I started working at the University of Mississippi in 1984 when I received a $30,000 grant from the Meredith Corp. to begin the service journalism program. I was able to buy four Mac Plus computers and a laser printer to set up the first desktop publishing lab in the state of Mississippi. And that was the end of that first grant money.
The same thing can be said for my first Walkman, my own first personal computer, my first cell phone and my first TV. All of these digital accoutrements cost a pretty penny when they were introduced to the buying public and within a few years they were not only obsolete after spending that huge chunk of cash, they were also worth nothing due to their antiquation.
You might be wondering why I am telling you all this. And I might answer for one simple reason: the future value of anything, anything at all. But for the purpose of context we shall stick with the topic…the value of digital versus the value of print.
I was looking on eBay recently and noticed some of the prices for first edition printed books and magazines and what really struck me was the prices are going for higher than the ink on paper items sold for originally.
For example, a copy of the first issue of Action Comics, in which Superman was unveiled to the world, sold in an online auction for a record $2.16 million. It cost 10 cents when it was published in 1938. Needless to try to calculate how many times more that issue’s price multiplied since its inception.
And here’s another example: Playboy magazine – Issue 1, which had a cover price of 50 cents is selling for $4,000.00 on eBay today and another first issue of the magazine sold for a $7,040 winning bid . That’s another magazine selling for almost 8,000 to 15,000 times the original price. Granted it is a first edition, but the point is still the same and the aforementioned are only two of many many examples. Print platforms increase their value, while digital platforms do not. (By the way, a replica of the first issue of Playboy is currently on sale at the newsstands for $9.99, that too is many times the original cover price.)
So, what do you think you would get for a first edition e-magazine a few years from now? The word nada comes to mind.
Late last year, the Bay Psalm Book sold at auction for $14,165,000. It’s a rare book printed in the 17th century… and it’s definitely print. No digital or e-books in 1640. Can you imagine over $14 million dollars for a copy of a virtual book generations down the road? The odds of said book even existing hundreds of years from now are very slim. Who are we kidding?
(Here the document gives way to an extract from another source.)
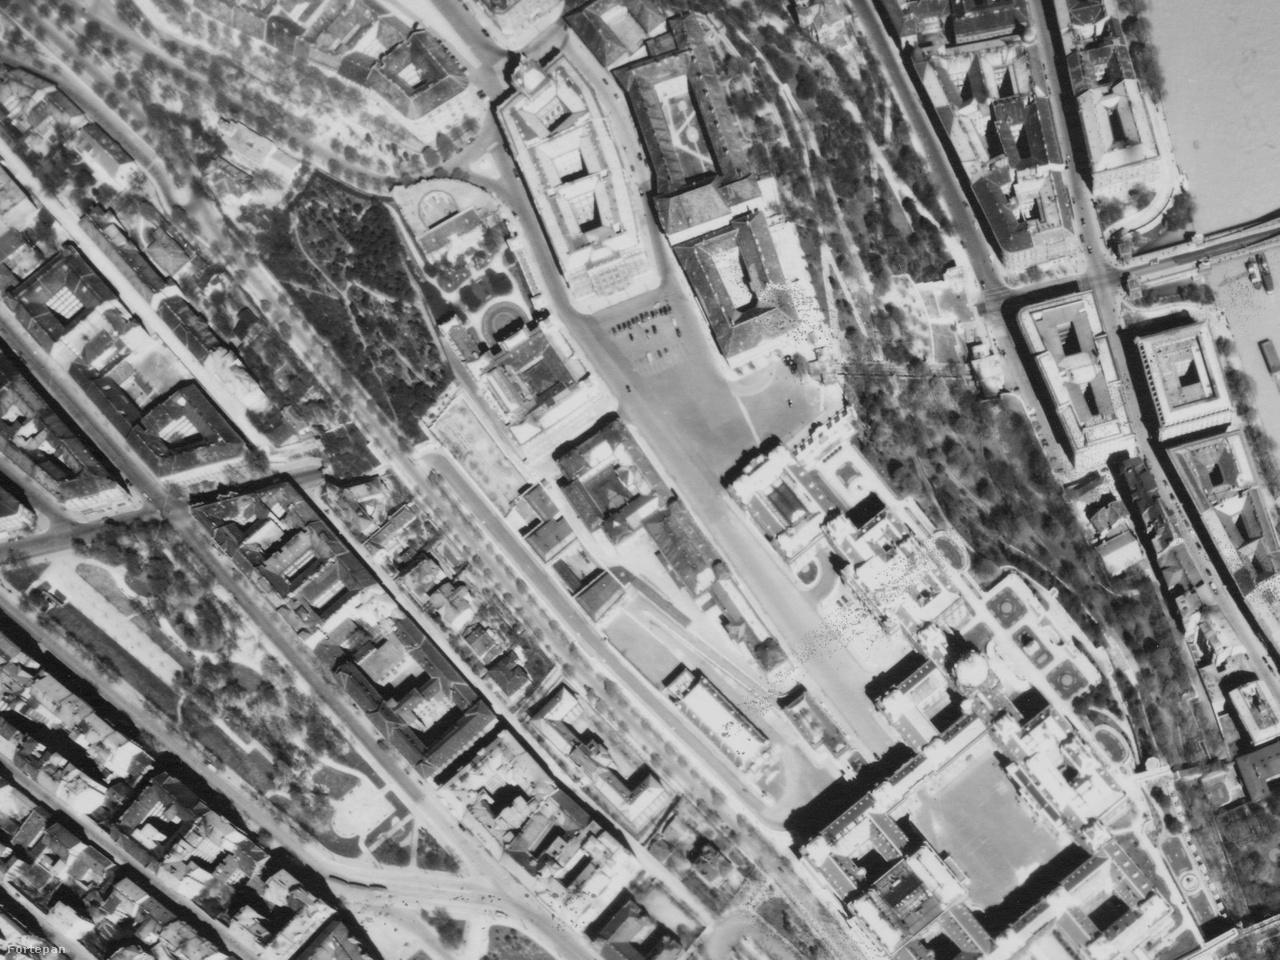 A legfurcsább egykor és ma képpárt kicsivel feljebb, a Királyi Palotánál lehetne elkészíteni. A                         Sándor-palota környékén (ahol a légi felvétel szerint akkoriban a legtöbb autó állt Budapesten) ma                         hatalmas rommező van, de mint a fotón is látható, egykor rengeteg épület állt itt: a Honvédelmi                         Minisztérium, a Teleki-palota, a Királyi Istállók, a Főőrségi Laktanya, a Királyi Lovarda. A dolog                         pikantériája, hogy ezek az épületek, ma nincsenek sehol, de a jelenlegi tervek szerint újra állni                         fognak. Lehet, hogy egy tíz év múlva készült légi felvétel jobban fog hasonlítani a 1944-es                         állapotra, mint a mai.

Hundreds of years from now digital may have morphed into something totally unrecognizable from what we know today.
The moral of this story is not to discount digital at all, but to highlight the facets of print which sometimes go unnoticed in this virtual age of cyberspace reality.
Because rest assured it might take an act of God to wipe out a 500 plus-year-old book, but your computer or tablet can be erased with a click or an introduction of a new model.